Gegen die Personalnot an den Flughäfen in Deutschland will die Bundesregierung nun die Möglichkeit zur befristeten Anstellung ausländischer Hilfskräfte schaffen. Dies sagte Arbeitsminister Hubertus Heil (SPD) der „Bild am Sonntag” („BamS”). „Dabei wollen wir jede Form von Sozialdumping und Ausbeutung ausschließen. Die Arbeitgeber müssen Tariflohn zahlen und für die befristete Zeit anständige Unterkünfte bereitstellen.”

Bundesverkehrsminister Volker Wissing (FDP) sprach in der Zeitung von einer mit Heil und Innenministerin Nancy Faeser (SPD) abgestimmten Aktion, mit der man die Personalengpässe an deutschen Flughäfen „abstellen und eine temporäre Lösung präsentieren” wolle. Faeser ergänzte: „Wir werden ermöglichen, dass Hilfskräfte aus dem Ausland zum Beispiel bei der Gepäckabfertigung eingesetzt werden.” Hier gelte: „Bei der Sicherheit gibt es keine Abstriche.”

Unter Berufung auf Regierungskreise schrieb die Zeitung, Ziel sei es, eine vierstellige Zahl an Fachkräften aus der Türkei zu holen, die bestenfalls schon ab Juli für einige Monate eingesetzt werden könnten. Kurz vor Beginn der Haupturlaubszeit hatte etwa die Lufthansa angekündigt, insgesamt knapp 3000 Flüge an ihren Drehkreuzen Frankfurt und München zu streichen, weil sich vermehrt Besatzungen wegen Corona-Fällen krankmeldeten.

Die Gewerkschaft der Polizei (GdP) begrüßte den Vorstoß der Bundesregierung. Dies sei insbesondere bei der Gepäckabfertigung hilfreich. Bei den Luftsicherheitskontrollen dürften jedoch nur „qualifizierte und zertifizierte Kräfte” eingesetzt werden, sagte GdP-Landesvorstand Arnd Krummen der „Westdeutschen Allgemeinen Zeitung” (Montag).

Bereits am Freitag - dem letzten NRW-Schultag - war es an den Flughäfen Köln/Bonn und Düsseldorf zu langen Schlangen an den Sicherheitskontrollen und Check-in-Schaltern gekommen. Da viele Menschen nach der coronabedingten Zwangspause wieder in den Urlaub fliegen, verliere das Auto etwas an Bedeutung, hatte der ADAC prognostiziert. Entsprechend ruhig blieb es auf den Autobahnen in NRW, auf denen nicht nur die Reisewelle ausblieb, sondern zeitweise sogar weniger los war als an einem normalen Wochenende.

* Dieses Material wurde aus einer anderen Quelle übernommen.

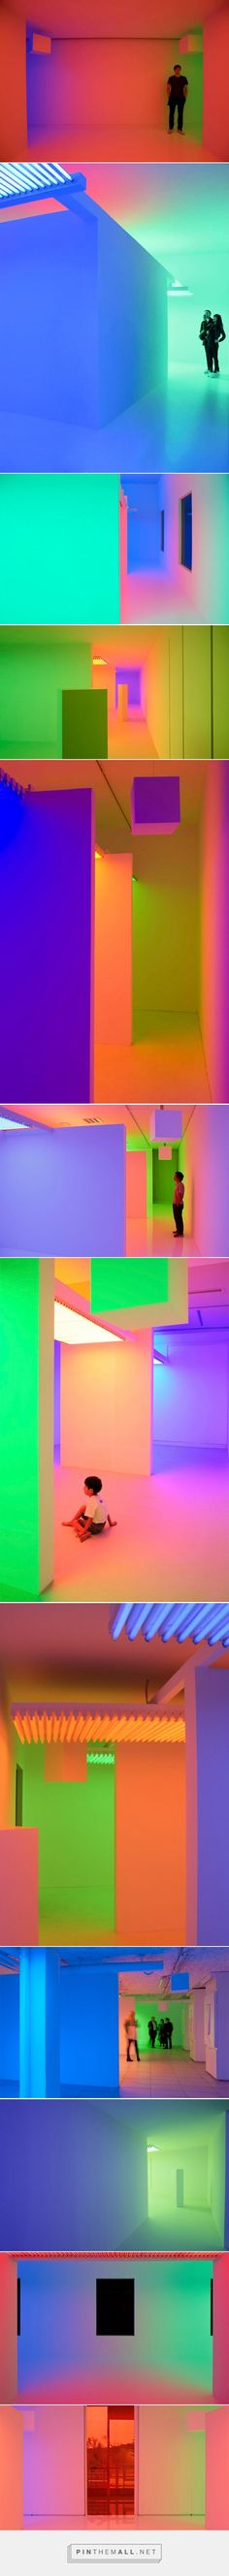 Chromosaturation: Interactive Art Installations by Carlos Cruz-Diez   Inspiration Grid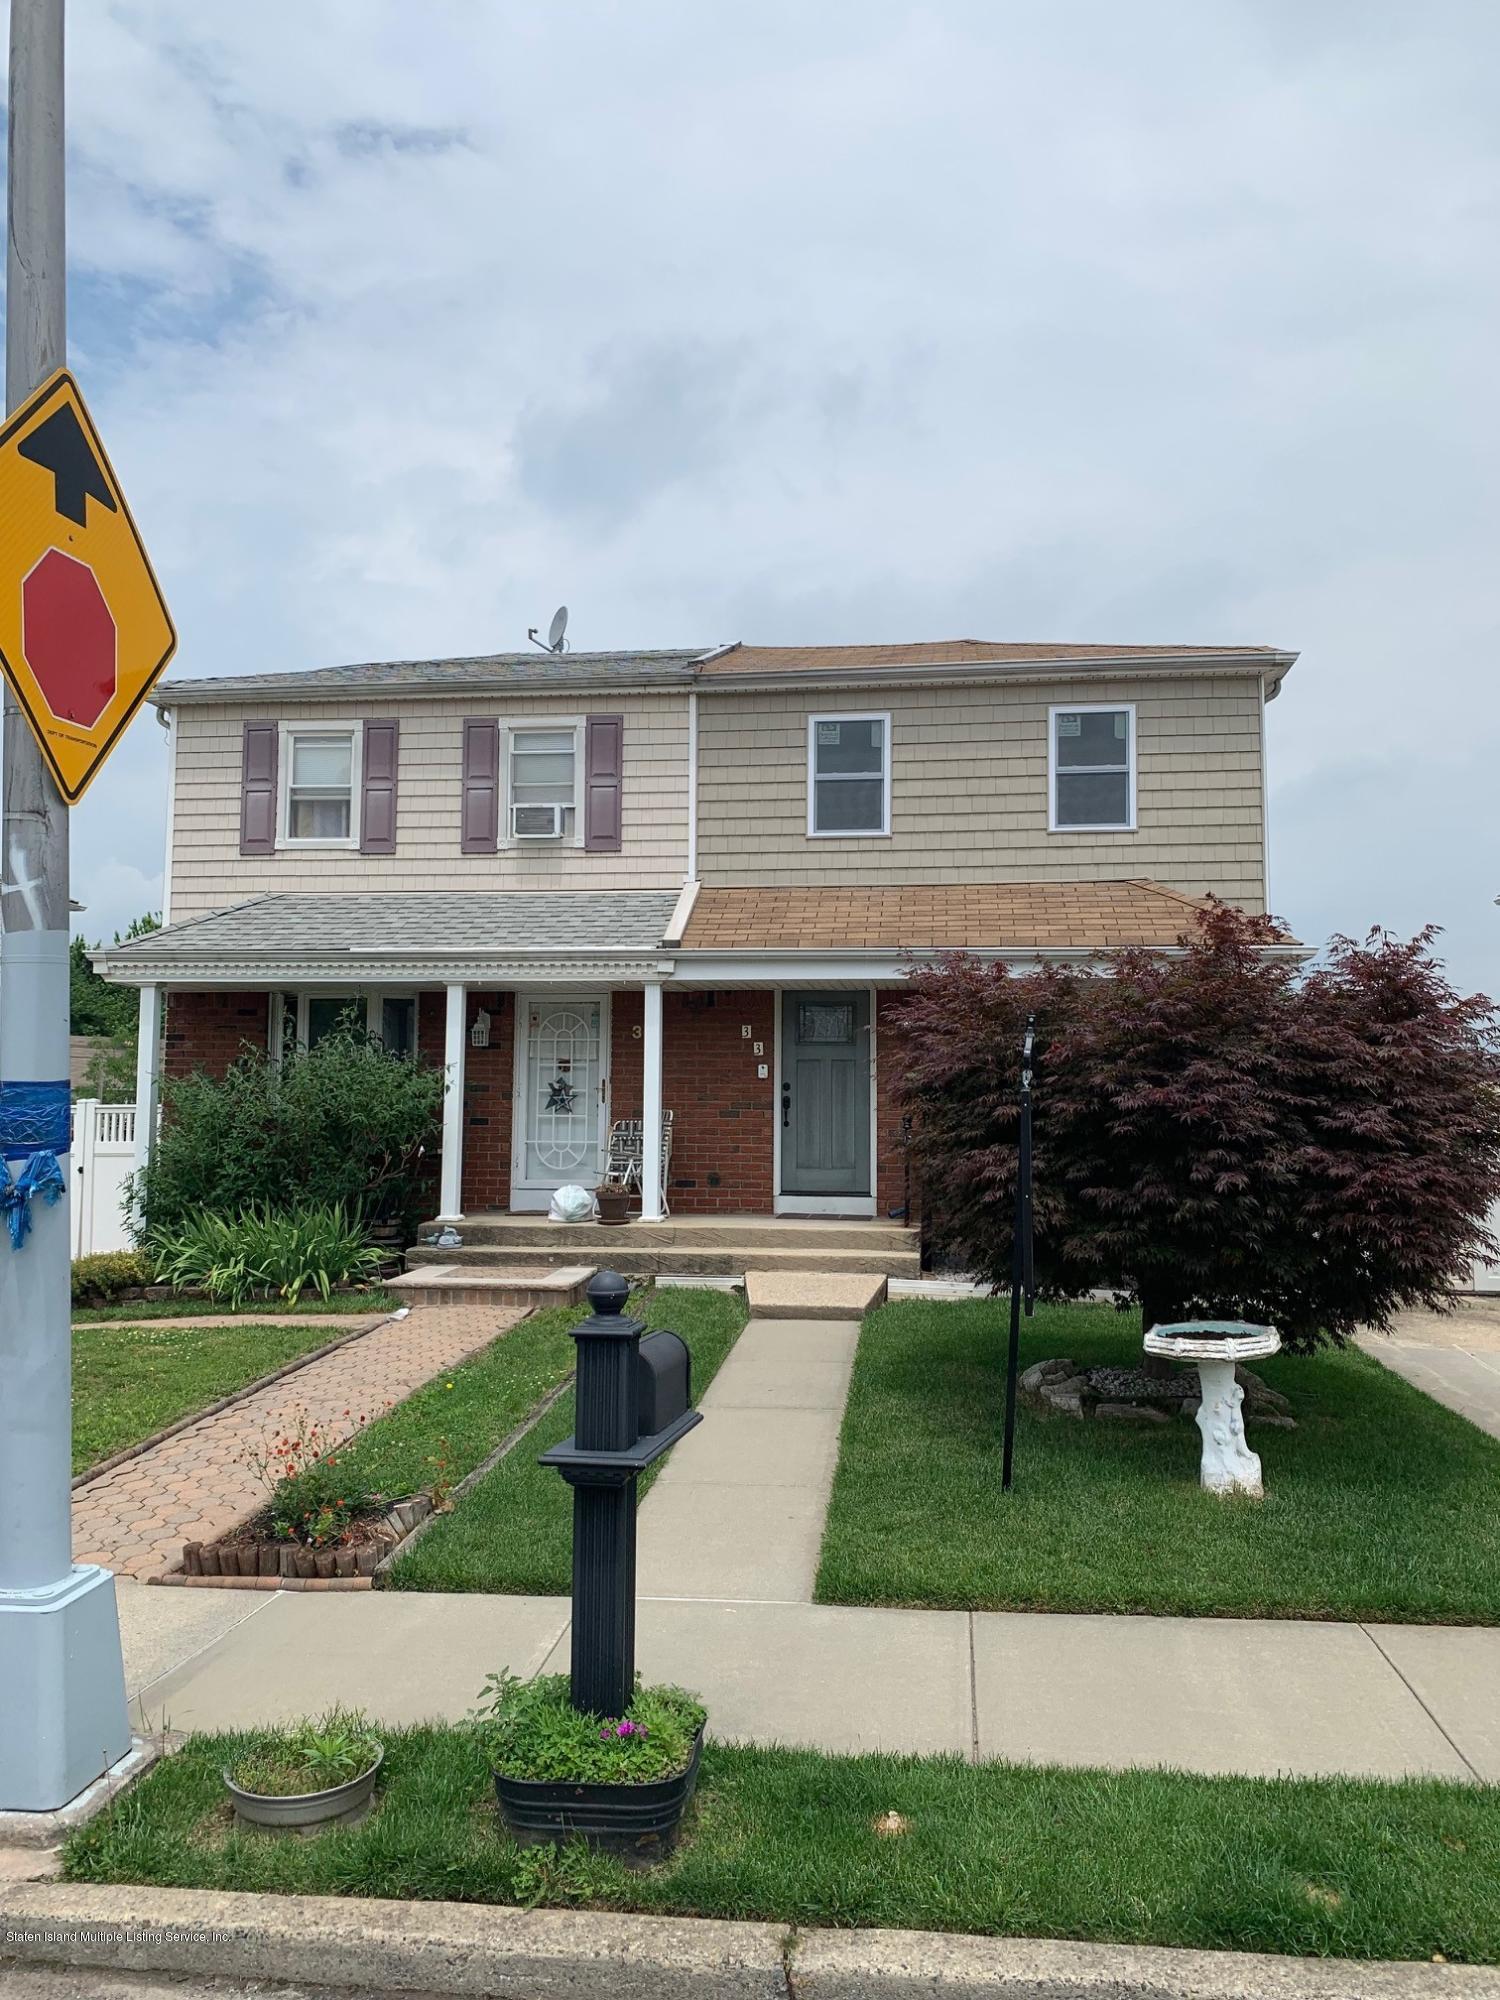 Single Family - Semi-Attached 33 Ibsen Avenue  Staten Island, NY 10312, MLS-1128335-2

Die Deutsche Bahn verzeichnete dagegen verstärkten Reiseverkehr. Es sei mehr los als an normalen Wochenenden, sagte ein Sprecher. Hinzu kommt noch das 9-Euro-Ticket, das es nun seit fast vier Wochen gibt. Damit können Fahrgäste im Juni, Juli und August im Öffentlichen Personennahverkehr (ÖPNV) durch ganz Deutschland reisen.

„Natürlich wird es auf den einzelnen Regionalverkehrsstrecken, zwischen den großen Städten in NRW und Richtung Nordsee zu angespannten Situationen kommen”, teilte der Präsident des Verbands Deutscher Verkehrsunternehmen (VDV) der Deutschen Presse-Agentur mit Blick auf den Ferienbeginn mit. Auch im Bahnverkehr gab es am Sonntag in NRW Probleme mit Personalmangel: Wegen kurzfristiger Personalausfälle fielen Zugverbindungen aus, meldete die Eurobahn.

Als erstes der 16 deutschen Bundesländer war mit Nordrhein-Westfalen das bevölkerungsreichste Land am Freitag in die Sommerferien gestartet. Eine Woche später folgen die Küstenländer Schleswig-Holstein und Mecklenburg-Vorpommern, am Mittwoch danach (6.7.) Hamburg, Berlin und Brandenburg. Als letzte sind die südlichen Länder Baden-Württemberg und Bayern an der Reihe - Ende Juli beziehungsweise zum 1. August.